Expectations, Variance, and the Fundamental Bridge (BH Chapter 4)

The **Expected Value** (or *expectation, mean*) of a random variable can be thought of as the "weighted average" of the possible outcomes of the random variable. Mathematically, if $x_1, x_2, x_3,\cdots$, are all of the possible values that *X* can take, the expected value of *X* can be calculated as follows:

$E(X | A) = \sum\limits_{i}x_iP(X=x_i | A)$

**Linearity of Expectation**

The most important property of expected value is **Linearity of Expectation**. For **any** two random variables *X* and *Y*, *a* and *b* scaling coefficients and *c* is our constant, the following property of holds:

$E(aX + bY + c) = aE(X) + bE(Y) + c$

The above is true regardless of whether *X* and *Y* are independent.

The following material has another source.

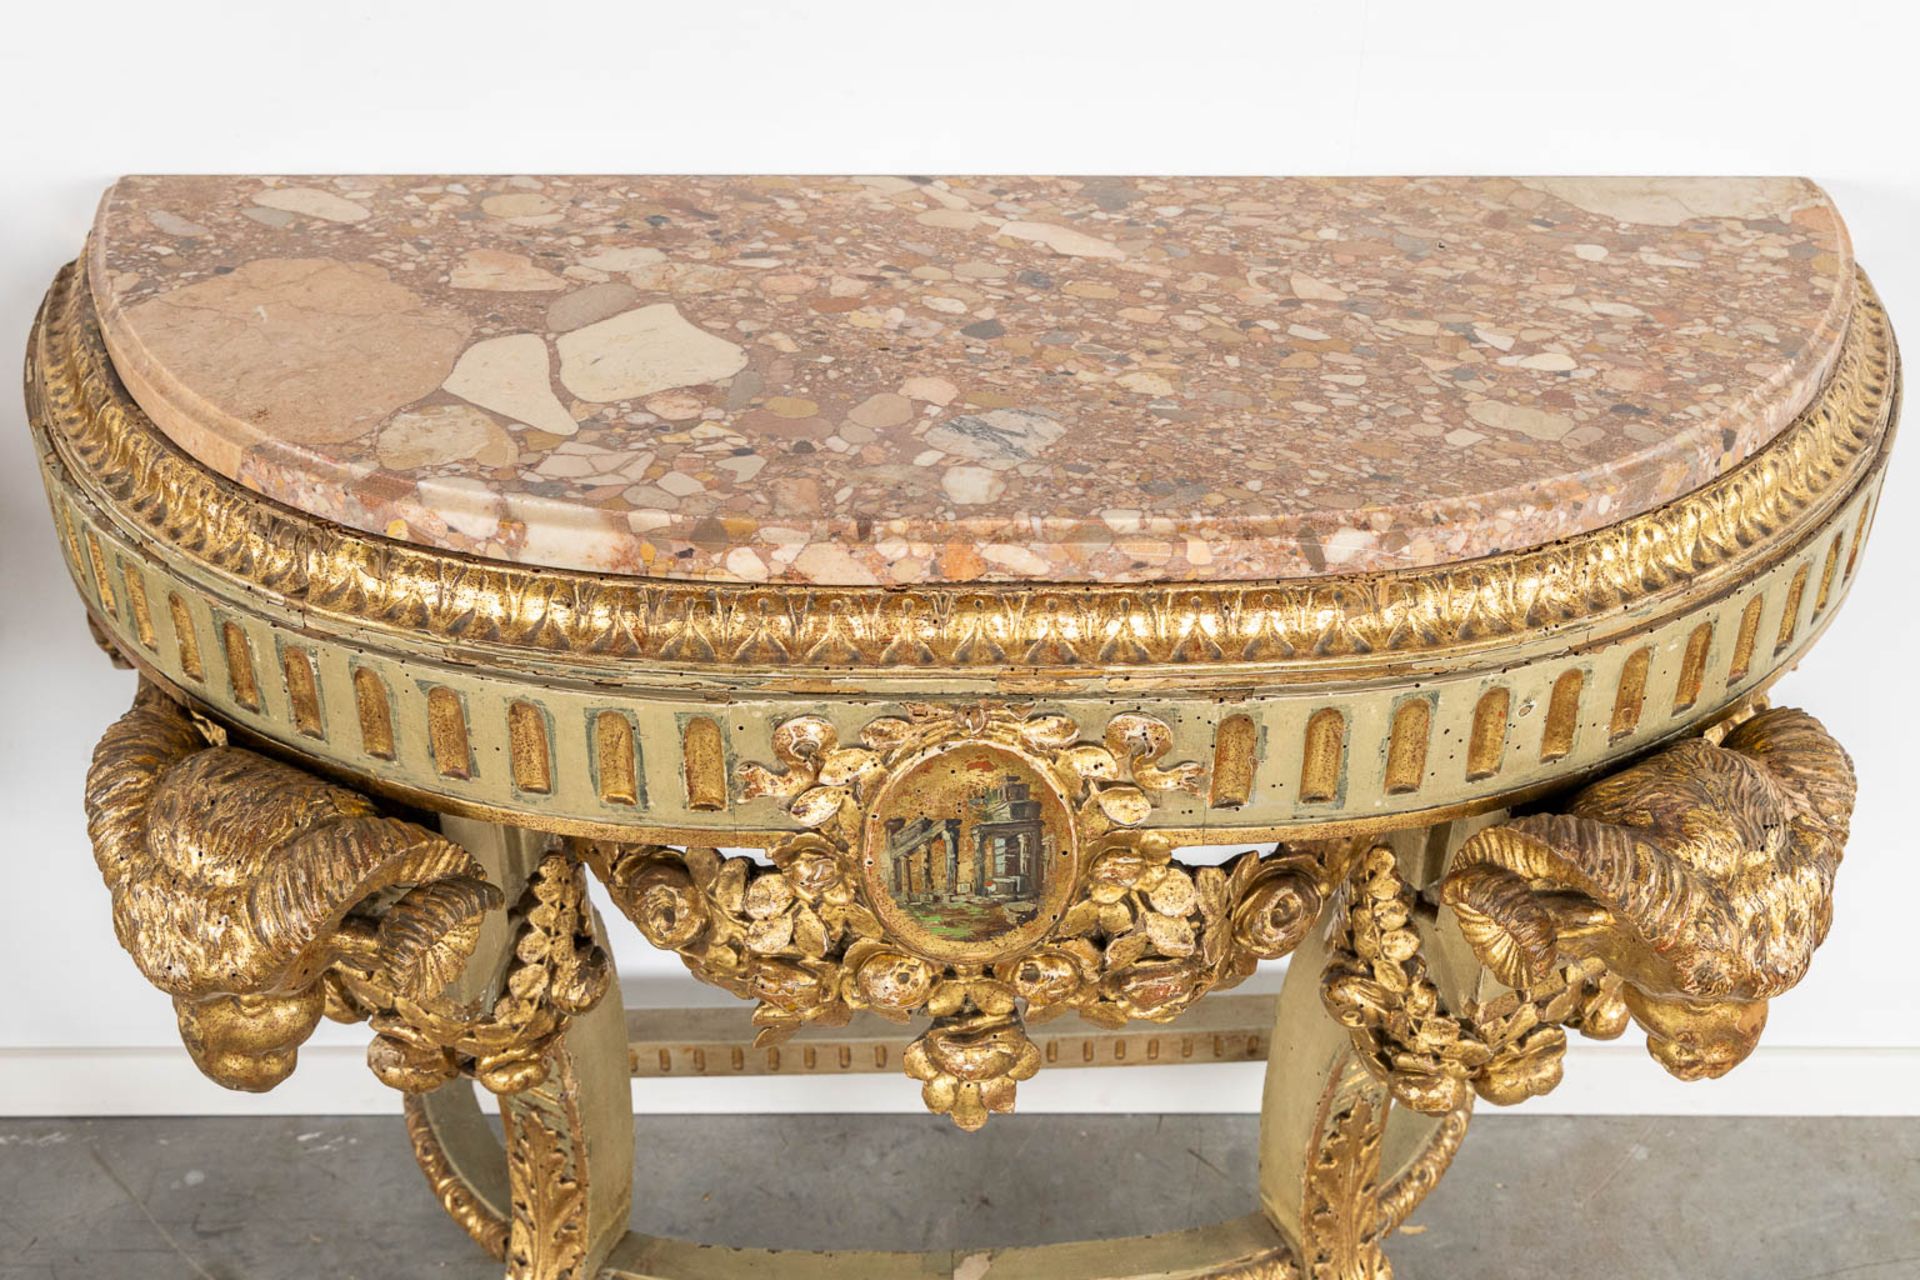 A pair of console tables with ram's heads, Louis XVI style, Italy, 19th C. (L:50 x W:110 x H:84 cm) - Image 7 of 10

Conditional distributions are still distributions. Treating them as a whole and applying the definition of expectation gives:

$E(X | A) = \sum\limits_{i}x_iP(X=x_i | A)$

**Variance** tells us how spread out the distribution of a random variable is. It is defined as

$Var(X) = E(X - E(X))^2 = E(X^2) - (E(X))^2$

**Properties of Variance**

$Var(cX) = c^2 Var(X)$

$Var(X \pm Y) = Var(X) + Var(Y)$ if $X$ and $Y$ are independent

Indicator Random Variables are random variables whose value is 1 when a particular event happens, or 0 when it does not. Let $I_A$ be an indicator random variable for the event $A$. Then, we have:

$I_A = \begin{cases}
1 & \text{$$A$$ occurs} \\
0 & \text{$$A$$ does not occur}
\end{cases}$

Suppose $P(A) = p$. Then, $I \sim Bern(p)$ because $I$ has a $p$ chance of being 1, and a $1-p$ chance of being 0.

**Properties of Indicators**

$(I_A)^2 = I_A$, and $(I_A)^k = I_A$ for any power $k$.

$I_{A^c} = 1 - I_A$

$I_{A \cap B} = I_A I_B$ is the indicator for the event $A \cap B$ (that is, $I_A I_B = 1$ if and only if $A$ and $B$ occur, and 0 otherwise)

$I_{A \cup B} = I_A + I_B - I_A I_B$

The **fundamental bridge** is the idea that $E(I_A) = P(A)$. When we want to calculate the expected value of a complicated event, sometimes we can break it down into many indicator random variables, and then apply linearity of expectation on that. For example, if $X = I_1 + I_2 + \ldots + I_n$, then:

$E(X) = E(I_1) + E(I_2) + \ldots + E(I_n) = P(I_1) + P(I_2) + \ldots + P(I_n)$